Капитан возвратился к своим растениям, но, поняв, что мистер Кристиан каюту не покинул, снова повернулся к нему.
– Да, Флетчер? – спросил он. – Что-нибудь еще?
На лице мистера Кристиана застыло выражение человека, который и мог бы поделиться неким секретом, но сильно того не желает.
– Пушечный салют, – наконец сказал он. – Возможно, нам лучше сохранить порох в целости.
– Глупости, Флетчер! – сказал капитан и рассмеялся. – Наш гостеприимный хозяин здорово помог нам. Мы не можем уйти, не выказав ему наше уважение, на что это было бы похоже? Вы, я уверен, и прежде видели, как это делается. Взаимный салют, наш в виде благодарности, их в виде пожелания доброго пути.
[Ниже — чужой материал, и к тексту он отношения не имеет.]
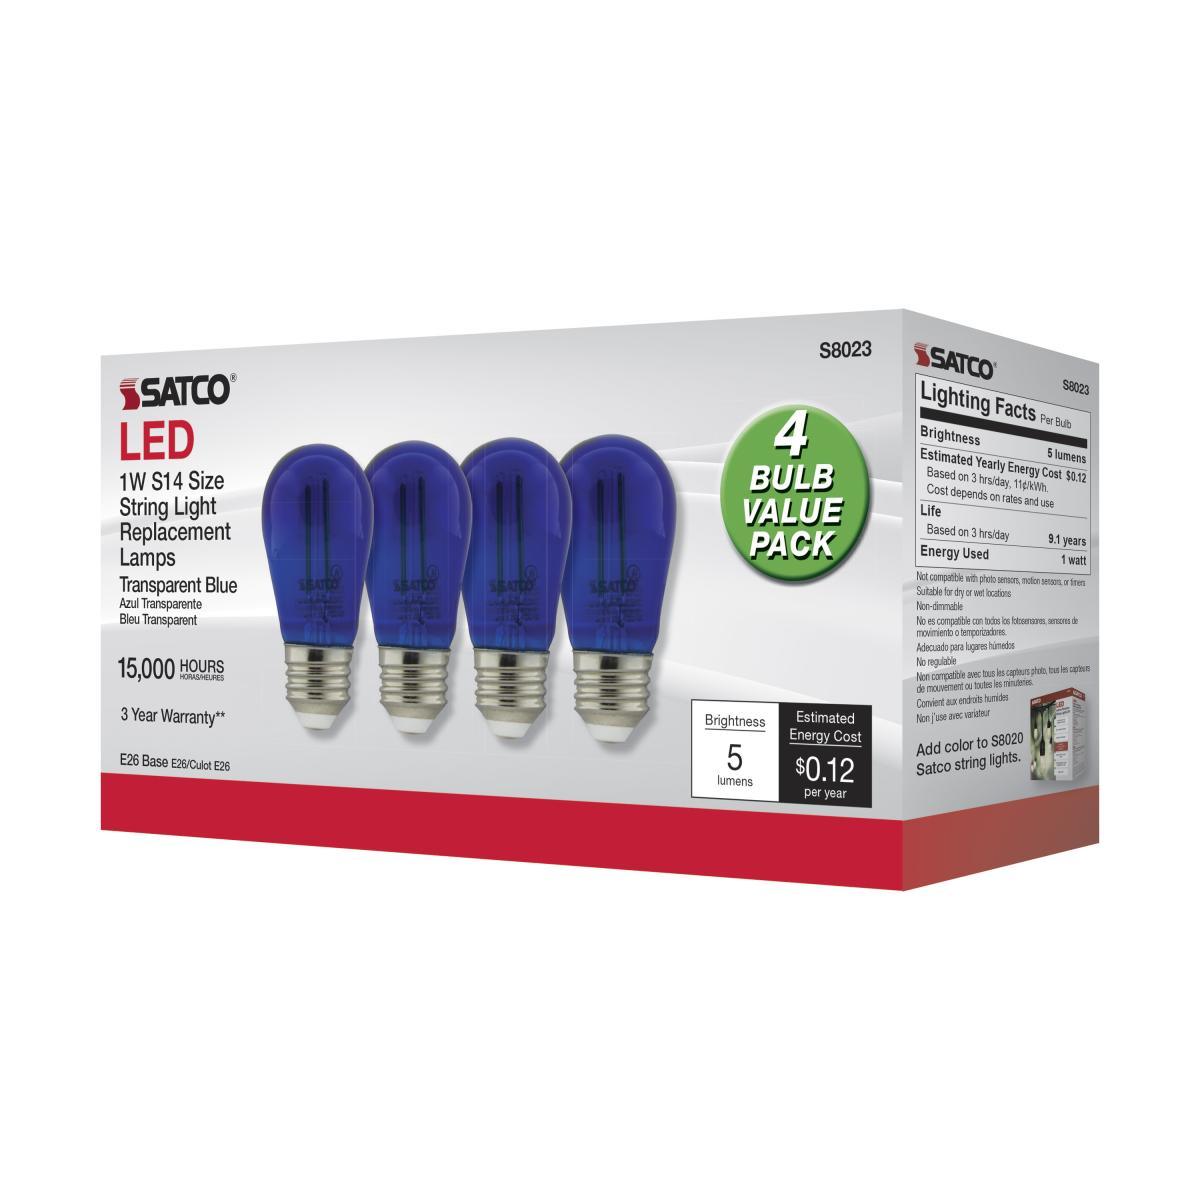 LED S14 Straight Tapered Bulb, 1 Watt, 15 Lumens, Blue, E26 Medium Base, Clear Finish, Pack Of 4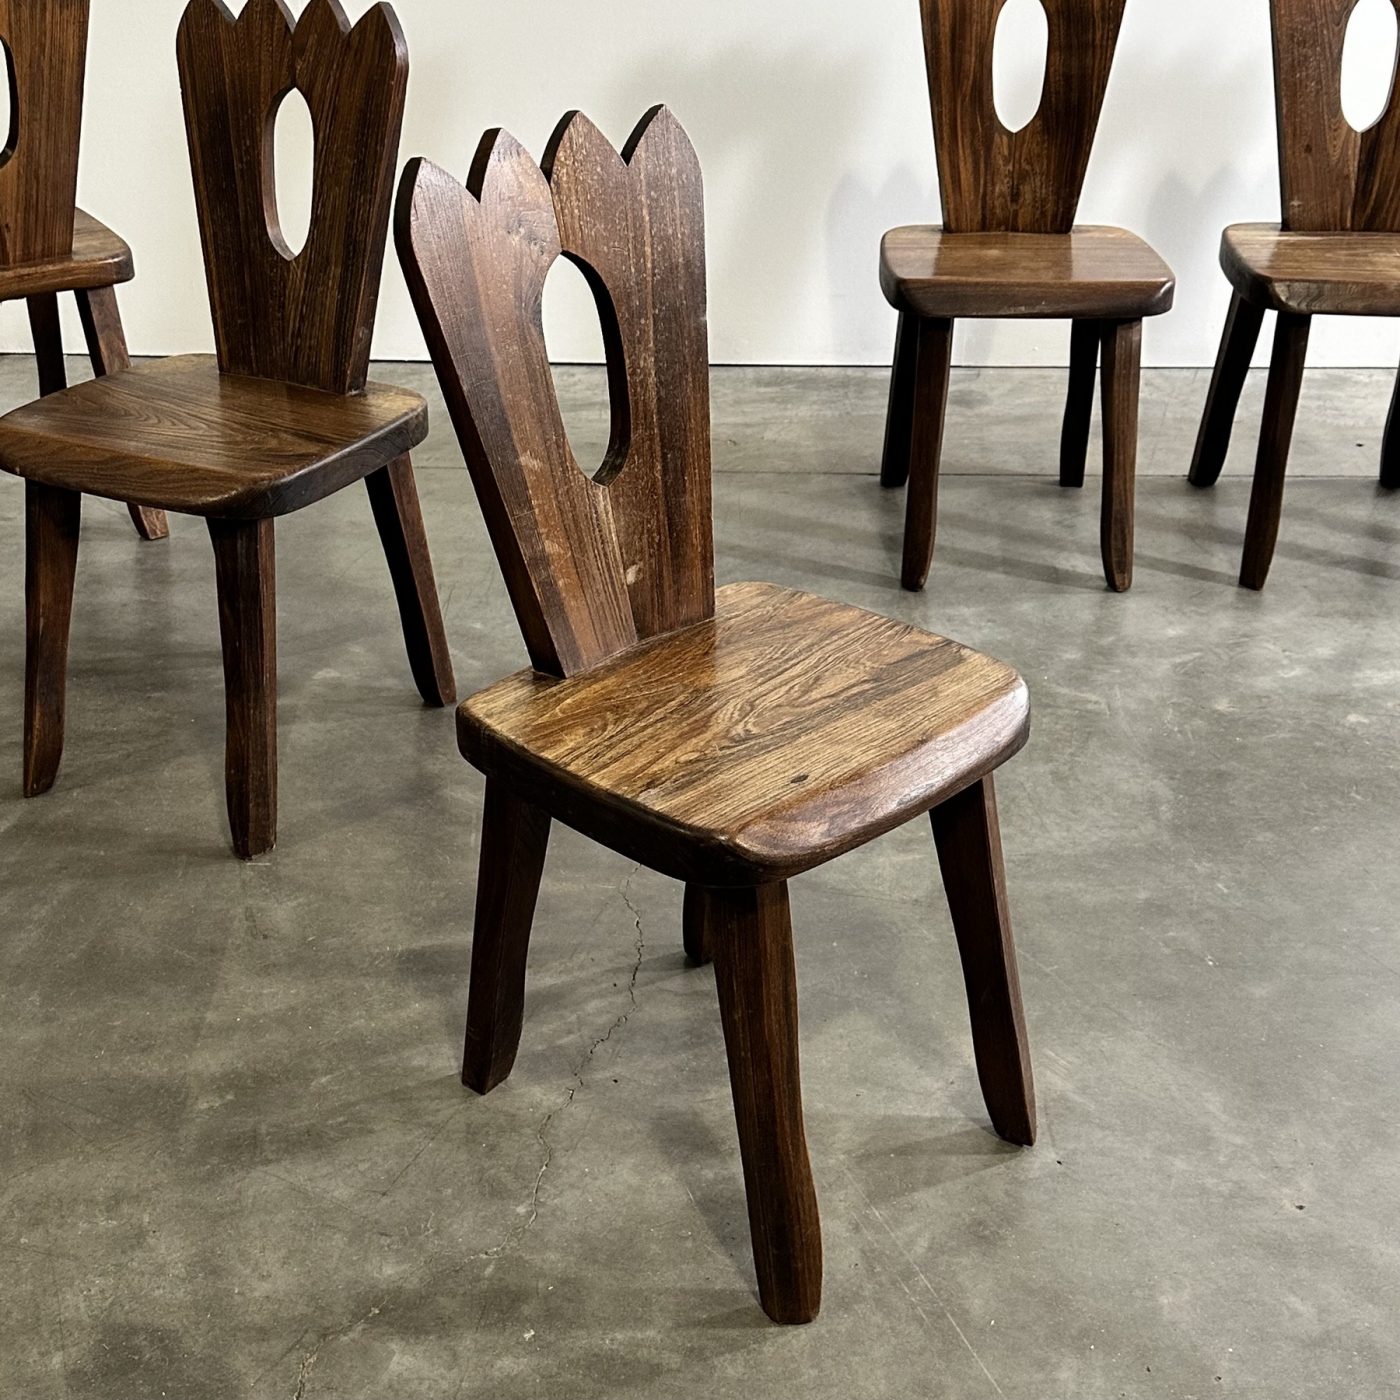 objet-vagabond-brutalist-chairs0003

Мистера Кристиана обуяли серьезные колебания, которые наверняка были замечены не только мной, но и капитаном, они словно наполнили собой воздух, точно зловоние заболевшей утки, и висели в нем, пока помощник штурмана не распахнул окно, чтобы проветрить помещение.
– Боюсь, наш салют останется без ответа, сэр, – наконец сказал он, глядя вбок.
– Без ответа? – переспросил капитан, нахмурившись и шагнув в сторону мистера Кристиана. – Не понимаю. Вы и мистер Фрейер вручили губернатору наши прощальные подарки?
– Так точно, сэр, вручили, – ответил мистер Кристиан. – И разумеется, мистер Фрейер, как судовой штурман, обсудил с губернатором вопрос о салюте, как то и полагалось офицеру, который занимает его положение. Привести его, чтобы он сам дал вам объяснения?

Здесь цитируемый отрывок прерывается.